The European Central Bank signalled it stood ready to bolster its pandemic stimulus in December as surging coronavirus infections darken the eurozone’s economic outlook.
With risks “clearly tilted to the downside”, the ECB said it would use next month’s updated growth and inflation forecasts to “recalibrate its instruments, as appropriate, to respond to the unfolding situation”. The promise of further action comes a day after France and Germany joined Italy and Spain in introducing fresh lockdown measures to halt a second Covid-19 wave, set to inflict more economic pain.
The ECB has rolled out a €1.35tn bond-buying scheme to keep borrowing costs low and boost the economy, and many observers expect the scheme to be beefed up at the next monetary policy meeting in December.
As expected, ECB governors left the scheme, known as PEPP, unchanged yesterday.
They also kept key interest rates at historic lows and maintained their ultra-cheap loans to banks, as well as a pre-pandemic asset-purchasing scheme to the tune of €20bn a month.
ECB president Christine Lagarde said rising Covid-19 cases and containment curbs have led to a “clear deterioration” in the eurozone’s near-term outlook, but it is too early to say if the economy will shrink in the fourth quarter.
Third-quarter economic growth data might be better than expected but the fourth quarter is almost certain to be below forecasts, with November “very negative,” she told the European Central bank’s post-meeting news conference.
How the virus is managed between now and the end of the year will determine what side of zero the fourth-quarter number will fall on, she added.
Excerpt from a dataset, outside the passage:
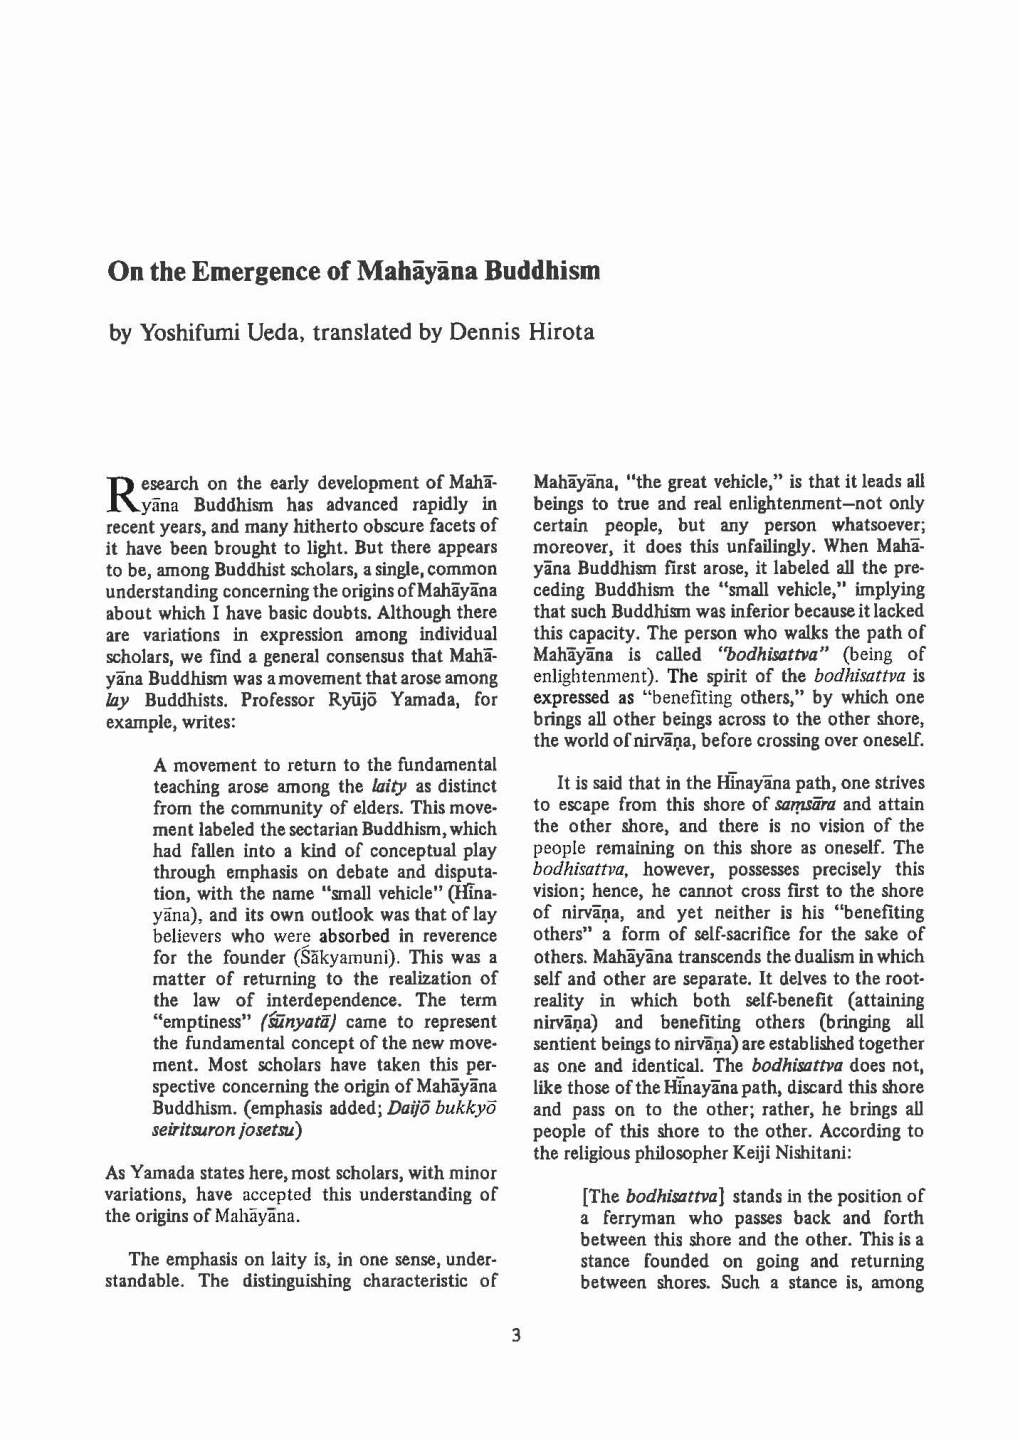 On the Emergence of Mahayana Buddhism by Yoshifumi Veda, Translated by Dennis Hirota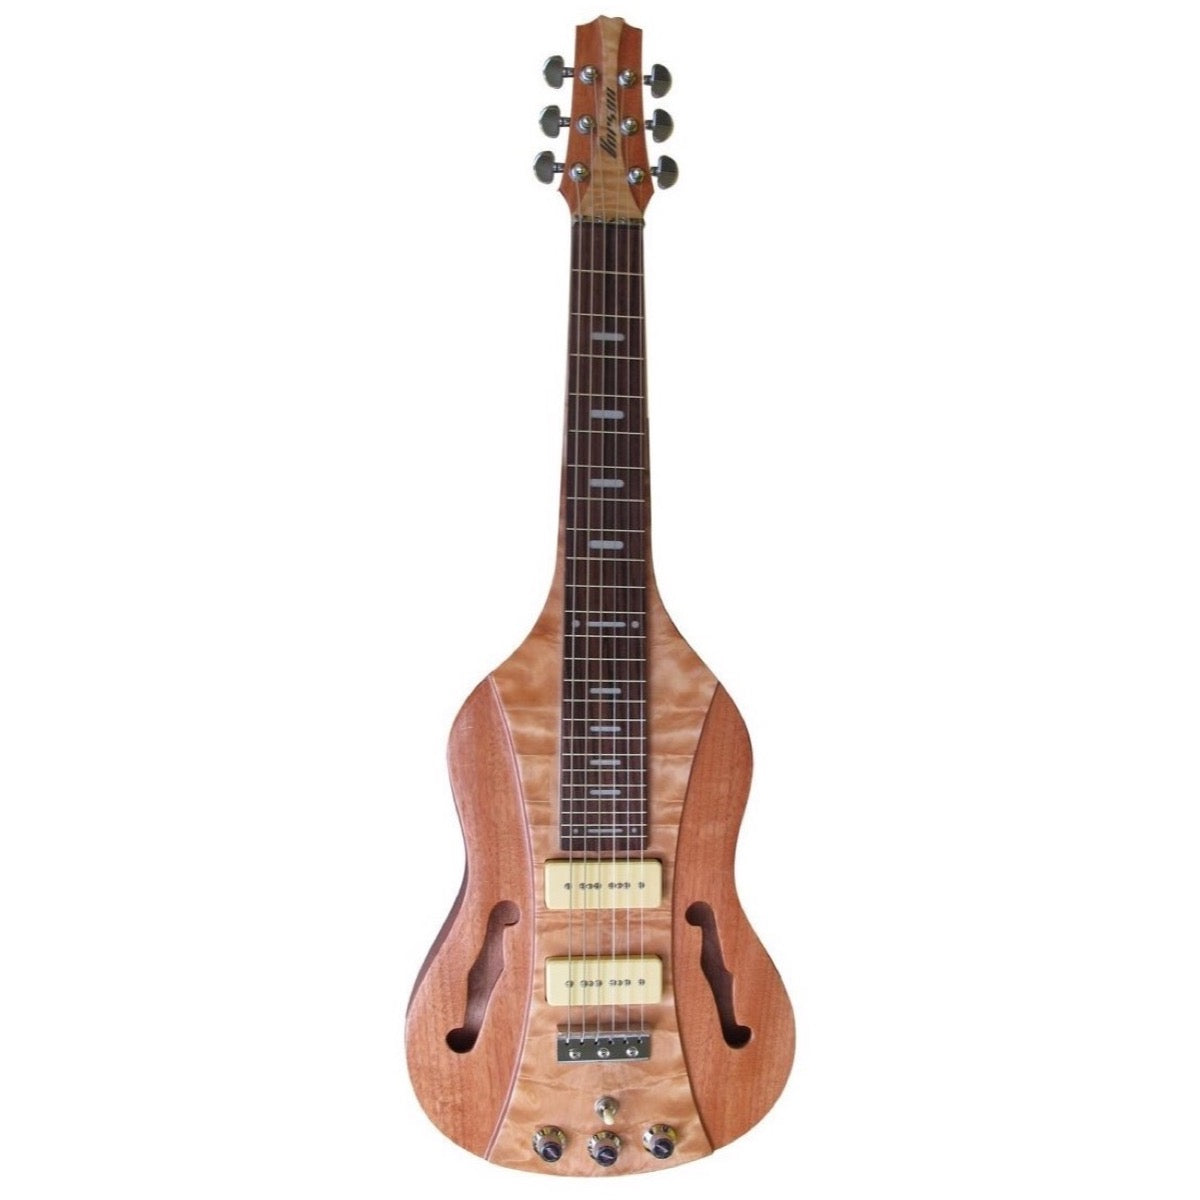 Vorson FLSL-220 Pro Lap Steel Guitar with F-Holes, Natural – Same Day Music

While stimulus measures taken by the ECB since March are helping to underpin economic activity, risks are “clearly” tilted to the downside, she said. New staff macroeconomic projections in December will allow the ECB to make a thorough assessment of how it should recalibrate its policy response, she said.
She previously told the French daily Le Monde that any economic recovery seen during the summer “now risks losing momentum” as new shutdowns across the continent hamper business activity.
She is also expected to reiterate calls for eurozone governments to share the load with more fiscal stimulus.
“The European Central Bank keeps its powder dry, but signals a clear willingness to act next month,” said ING economist Carsten Brzeski.
Andrew Kenningham, an economist at Capital Economics, said the ECB might pull the trigger earlier than expected. “With the region’s two biggest economies about to enter fresh national lockdowns, and others likely to follow suit, we would not rule out the possibility that the bank moves even before then,” he said.
The ECB’s unprecedented monetary stimulus is aimed at bolstering economic growth and driving up stubbornly low inflation to its goal of “below, but close to two percent”. Eurozone inflation, however, stood at -0.3% in September after dropping into negative territory in August, raising the dreaded spectre of deflation in the 19-nation currency club.
Deflation, or a spiral of falling prices, is a worry for policymakers because it can deter customers from spending in anticipation of even cheaper prices, creating pressure on businesses who may end up cutting jobs or closing down.
Inflation in Germany, Europe’s top economy, yesterday came in at -0.2%, the same rate as in September, dragged down by lower energy prices and a temporary sales tax cut. Based on its September forecasts, the ECB expects eurozone inflation to inch up to 1.3% by 2022, still far off the official target.
The eurozone economy was expected to shrink by eight% this year before rebounding to see 5% growth in 2021.
However, most analysts agree that the latest setbacks in the fight against the virus mean those forecasts are now outdated, with the fourth quarter of 2020 likely to be worse than expected.